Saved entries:
------------------------------------

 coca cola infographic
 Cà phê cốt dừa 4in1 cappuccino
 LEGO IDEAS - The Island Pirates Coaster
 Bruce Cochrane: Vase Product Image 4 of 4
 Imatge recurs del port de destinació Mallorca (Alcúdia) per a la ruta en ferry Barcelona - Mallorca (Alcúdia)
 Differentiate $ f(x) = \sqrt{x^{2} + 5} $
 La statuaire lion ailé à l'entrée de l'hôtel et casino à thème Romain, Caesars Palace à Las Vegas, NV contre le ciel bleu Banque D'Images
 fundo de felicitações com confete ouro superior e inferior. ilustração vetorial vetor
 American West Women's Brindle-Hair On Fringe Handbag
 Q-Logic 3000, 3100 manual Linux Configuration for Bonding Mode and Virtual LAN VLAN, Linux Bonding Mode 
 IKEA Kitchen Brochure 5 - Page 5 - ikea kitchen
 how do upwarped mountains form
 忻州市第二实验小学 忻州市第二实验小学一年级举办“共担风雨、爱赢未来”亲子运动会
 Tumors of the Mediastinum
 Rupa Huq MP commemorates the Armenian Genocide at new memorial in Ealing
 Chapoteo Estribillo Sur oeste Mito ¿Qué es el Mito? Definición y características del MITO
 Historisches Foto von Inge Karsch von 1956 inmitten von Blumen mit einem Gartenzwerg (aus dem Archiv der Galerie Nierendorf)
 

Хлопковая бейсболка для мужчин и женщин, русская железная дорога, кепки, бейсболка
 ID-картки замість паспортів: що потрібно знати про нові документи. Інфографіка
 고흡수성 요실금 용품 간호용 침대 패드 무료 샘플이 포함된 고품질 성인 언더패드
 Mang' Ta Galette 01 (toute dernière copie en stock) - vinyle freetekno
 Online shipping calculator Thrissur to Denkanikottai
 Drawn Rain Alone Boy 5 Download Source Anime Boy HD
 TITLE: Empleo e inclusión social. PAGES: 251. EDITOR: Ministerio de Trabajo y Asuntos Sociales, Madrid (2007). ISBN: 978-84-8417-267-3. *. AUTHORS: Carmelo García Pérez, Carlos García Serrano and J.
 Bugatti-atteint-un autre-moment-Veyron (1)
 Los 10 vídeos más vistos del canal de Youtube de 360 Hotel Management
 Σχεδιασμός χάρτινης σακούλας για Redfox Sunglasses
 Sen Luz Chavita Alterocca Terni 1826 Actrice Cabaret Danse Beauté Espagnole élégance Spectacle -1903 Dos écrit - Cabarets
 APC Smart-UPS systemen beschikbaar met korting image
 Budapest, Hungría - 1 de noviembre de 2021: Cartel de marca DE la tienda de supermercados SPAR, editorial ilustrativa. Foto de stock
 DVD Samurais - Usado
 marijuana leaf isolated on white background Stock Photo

------------------------------------

The lines above from the one with "how do upwarped mountains form" through the one with "Chapoteo Estribillo Sur" are to be duplicated exactly, ends included, with nothing added.

Reply:
 how do upwarped mountains form
 忻州市第二实验小学 忻州市第二实验小学一年级举办“共担风雨、爱赢未来”亲子运动会
 Tumors of the Mediastinum
 Rupa Huq MP commemorates the Armenian Genocide at new memorial in Ealing
 Chapoteo Estribillo Sur oeste Mito ¿Qué es el Mito? Definición y características del MITO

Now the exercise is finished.